Getting Started

Getting Started

Installation

The Distributions package is available through the Julia package system by running Pkg.add("Distributions"). Throughout, we assume that you have installed the package.

Starting With a Normal Distribution

We start by drawing 100 observations from a standard-normal random variable.

The first step is to set up the environment:

julia> using Distributions
julia> srand(123) # Setting the seed

Then, we create a standard-normal distribution d and obtain samples using rand:

julia> d = Normal()
Normal(μ=0.0, σ=1.0)

julia> x = rand(d, 100)
100-element Array{Float64,1}:
  0.376264
 -0.405272
 ...

You can easily obtain the pdf, cdf, percentile, and many other functions for a distribution. For instance, the median (50th percentile) and the 95th percentile for the standard-normal distribution are given by:

julia> quantile(Normal(), [0.5, 0.95])
2-element Array{Float64,1}:
 0.0
 1.64485

The normal distribution is parameterized by its mean and standard deviation. To draw random samples from a normal distribution with mean 1 and standard deviation 2, you write:

julia> rand(Normal(1, 2), 100)

Using Other Distributions

The package contains a large number of additional distributions of three main types:

Each type splits further into Discrete and Continuous.

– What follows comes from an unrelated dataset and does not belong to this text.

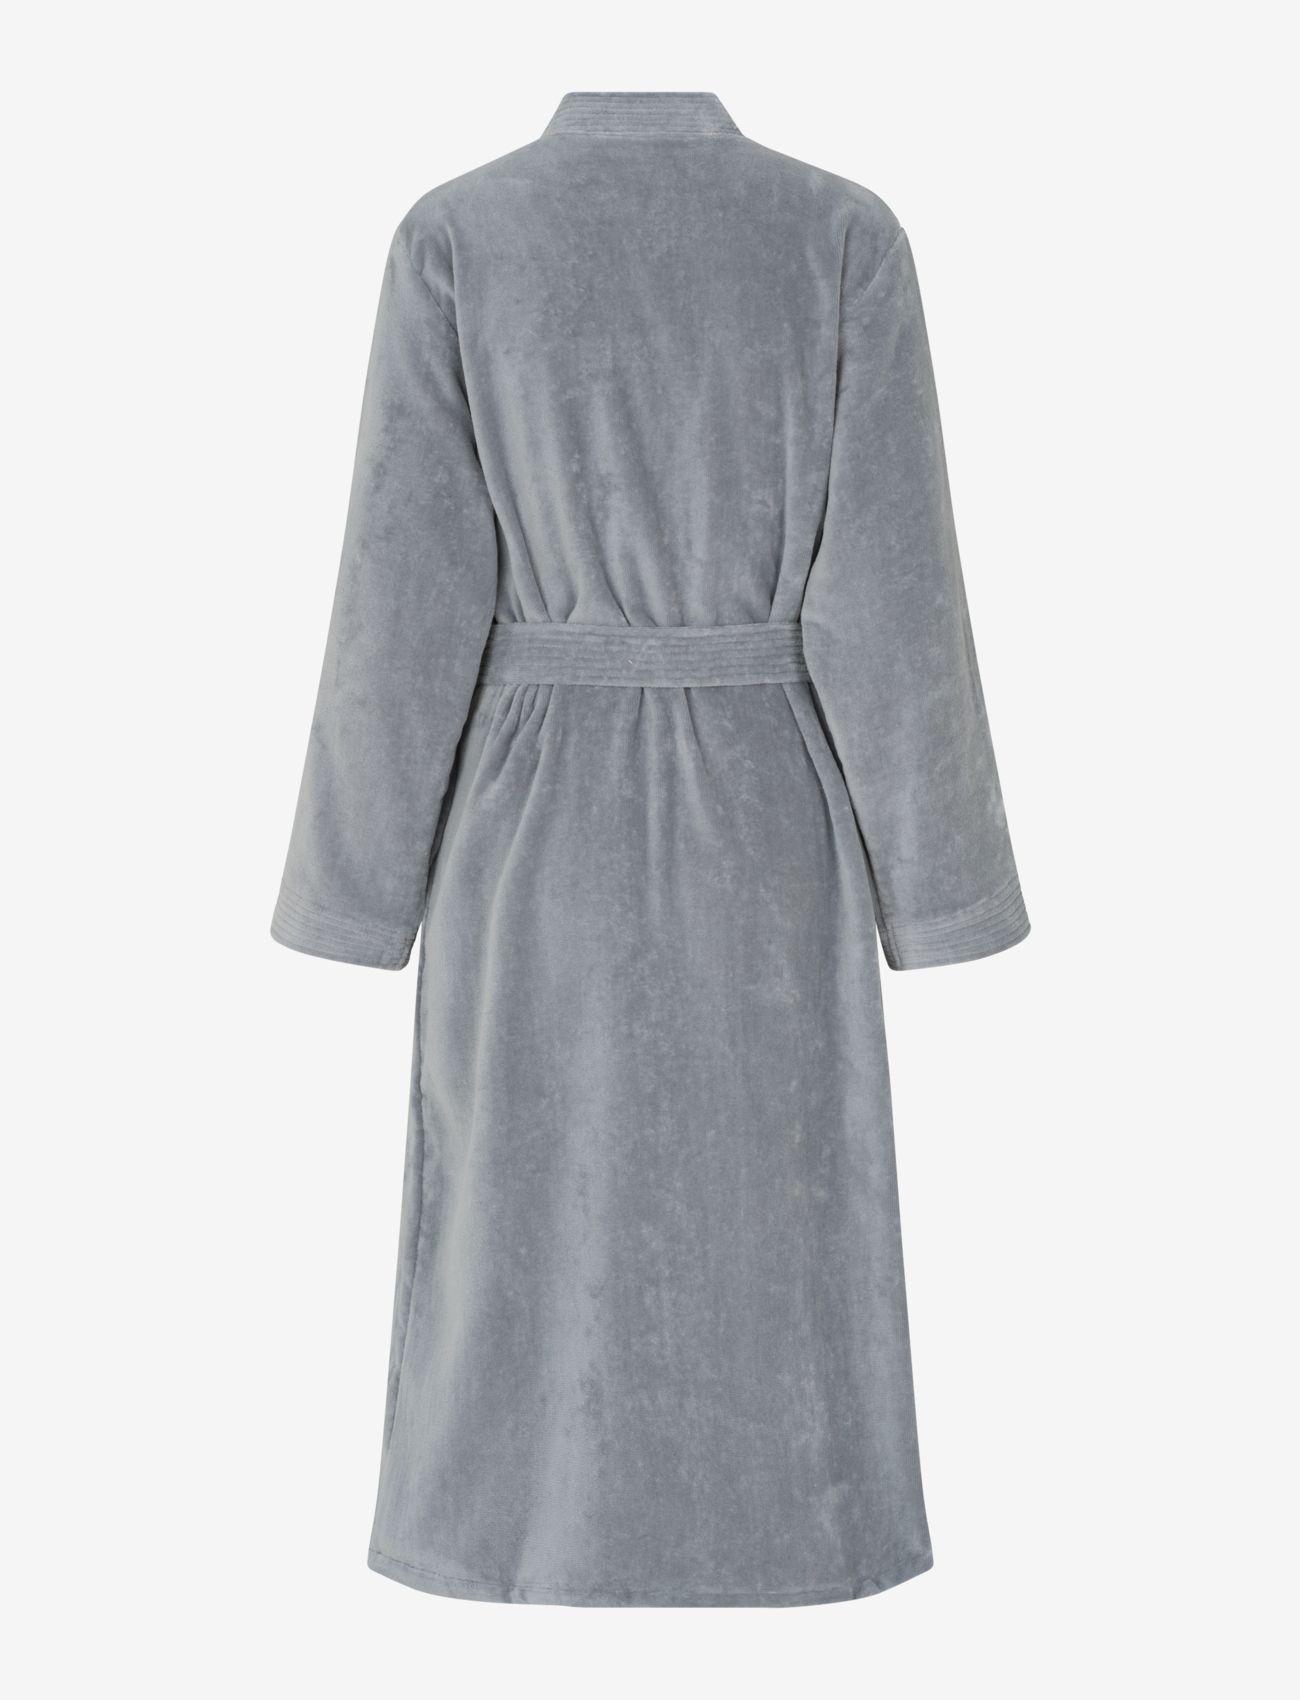 Rosemunde - robe - pegnoirs - charcoal grey - 1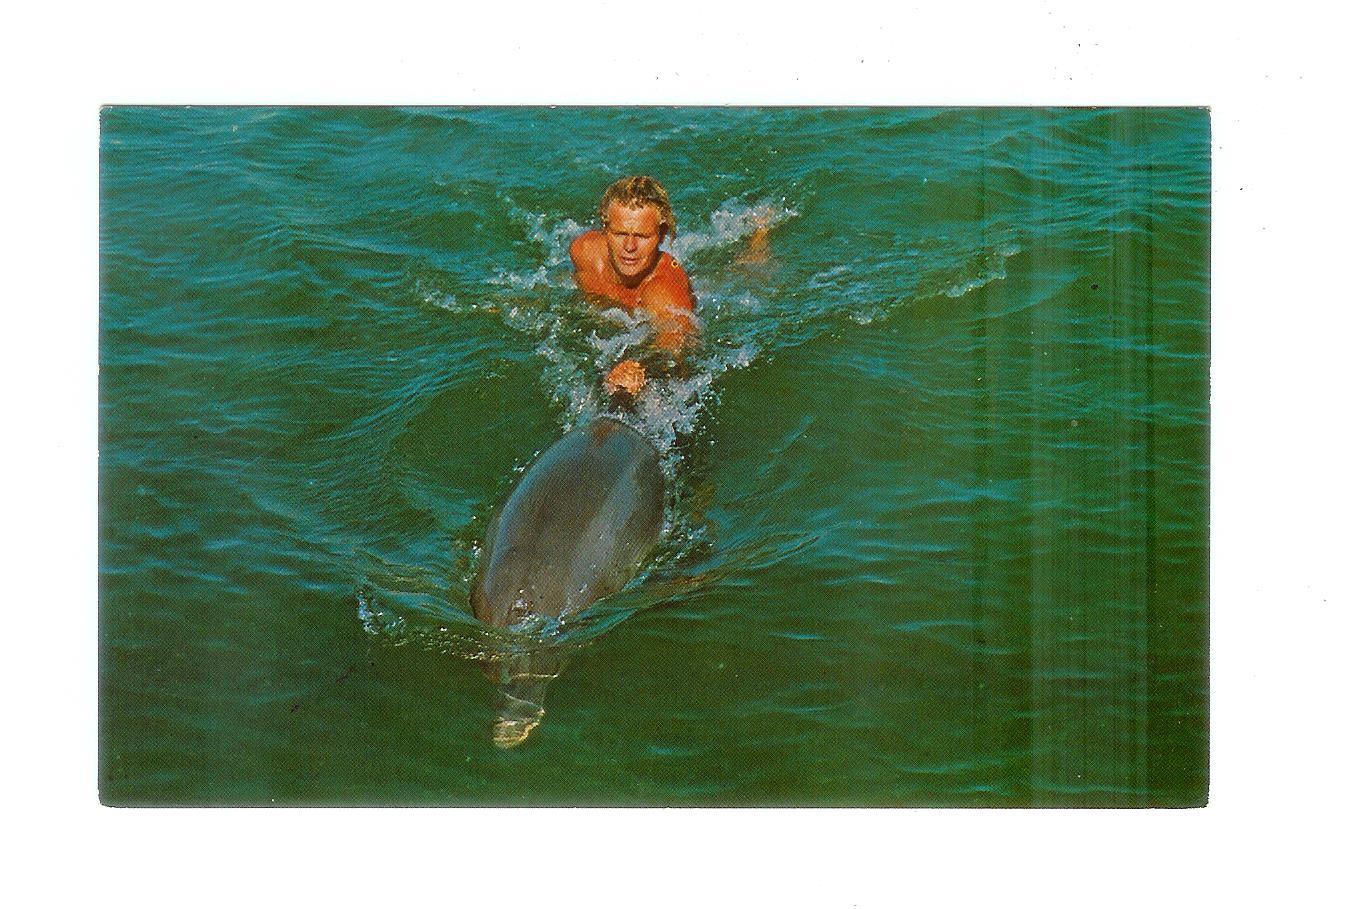 Chrome postcard. Mitzi, star of Flipper, Santini's Porpoise Training  School, Grassy Key, Florida.

For instance, you can define the following distributions (among many others):

julia> Binomial(p) # Discrete univariate
julia> Cauchy(u, b)  # Continuous univariate
julia> Multinomial(n, p) # Discrete multivariate
julia> Wishart(nu, S) # Continuous matrix-variate

In addition, you can create truncated distributions from univariate distributions:

julia> Truncated(Normal(mu, sigma), l, u)

To find out which parameters are appropriate for a given distribution D, you can use fieldnames(D):

julia> names(Cauchy)
2-element Array{Symbol,1}:
 :μ
 :β

This tells you that a Cauchy distribution is initialized with location μ and scale β.

Estimate the Parameters

It is often useful to approximate an empirical distribution with a theoretical distribution. As an example, we can use the array x we created above and ask which normal distribution best describes it:

julia> fit(Normal, x)
Normal(μ=0.036692077201688635, σ=1.1228280164716382)

Since x is a random draw from Normal, it's easy to check that the fitted values are sensible. Indeed, the estimates [0.04, 1.12] are close to the true values of [0.0, 1.0] that we used to generate x.